Да, так оно в действительности и было. Лишь много позднее того времени, к которому относится мой рассказ, немцам после сложной подготовки удалась крупная наступательная операция против маки́ в области Веркор, но успех этой операции уже не имел стратегического значения, немцы просто учинили резню мирного населения, мстя за свое долгое бессилие, и, оставив после себя пепелища, вынуждены были убраться не только из французских Альп, но и с территории Франции вообще.

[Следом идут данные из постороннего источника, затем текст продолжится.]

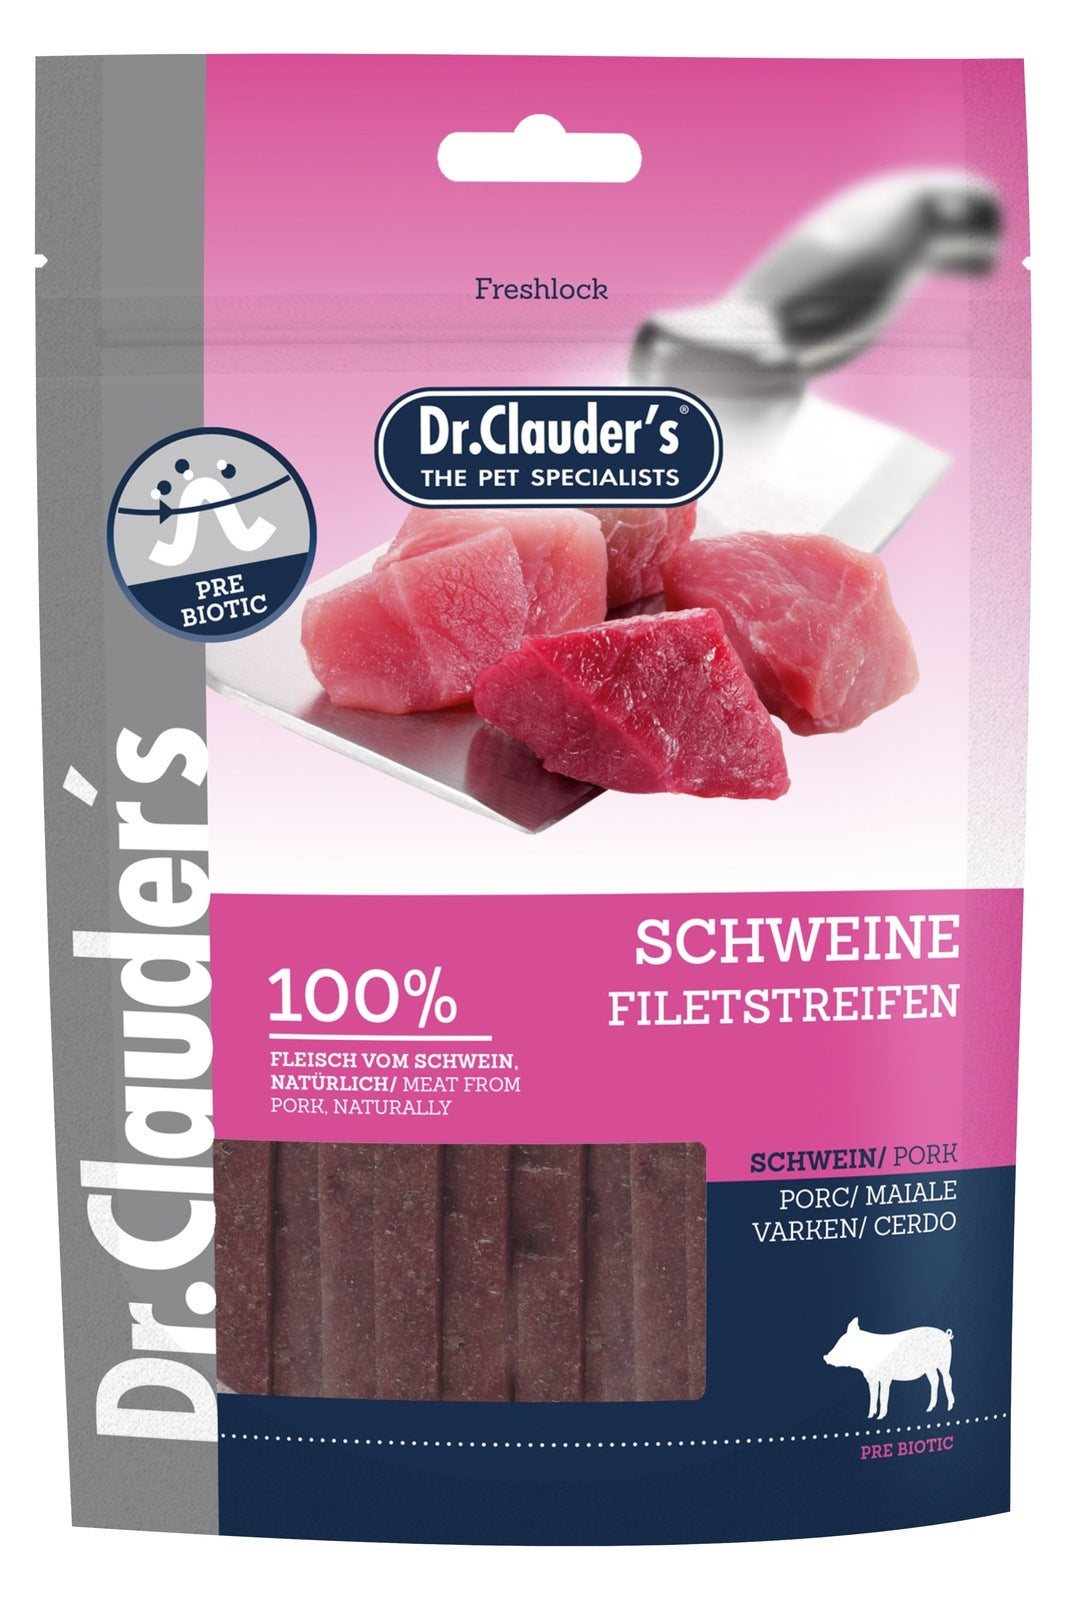 Artikel mit dem Namen Dr.Clauder's Premium Schwein Filetstreifen im Shop von zoo.de , dem Onlineshop für nachhaltiges Hundefutter und Katzenfutter.

Надо мне все-таки обуздать как-то свои мысли. Обрывки воспоминаний проносятся в голове без всякой связи. А ну-ка, давай приведи их в порядок! И мой полицейский, который опять уселся с газетой за столик, — ему тоже сейчас не место в моих мыслях. Я еще вернусь к нему и к вопросу — почему у него голова ефрейтора Бухмайра. Но сейчас речь идет о настоящем Бухмайре, о моей первой встрече с ним в то утро на гренобльском вокзале. Гестаповцу, сопровождавшему нашу партию, молодые солдаты-конвоиры, видимо, не внушали особого доверия, и он этого даже не скрывал. Я этого типа хорошо знал. Все называли его Большой Шарль. Он и сам так отрекомендовался мне, своему подследственному, еще при первом моем допросе и тут же, хрипло расхохотавшись, со всей мочи ткнул меня кулаком в лицо без малейшего, казалось бы, раздражения или злобы — просто, так сказать, порядка ради.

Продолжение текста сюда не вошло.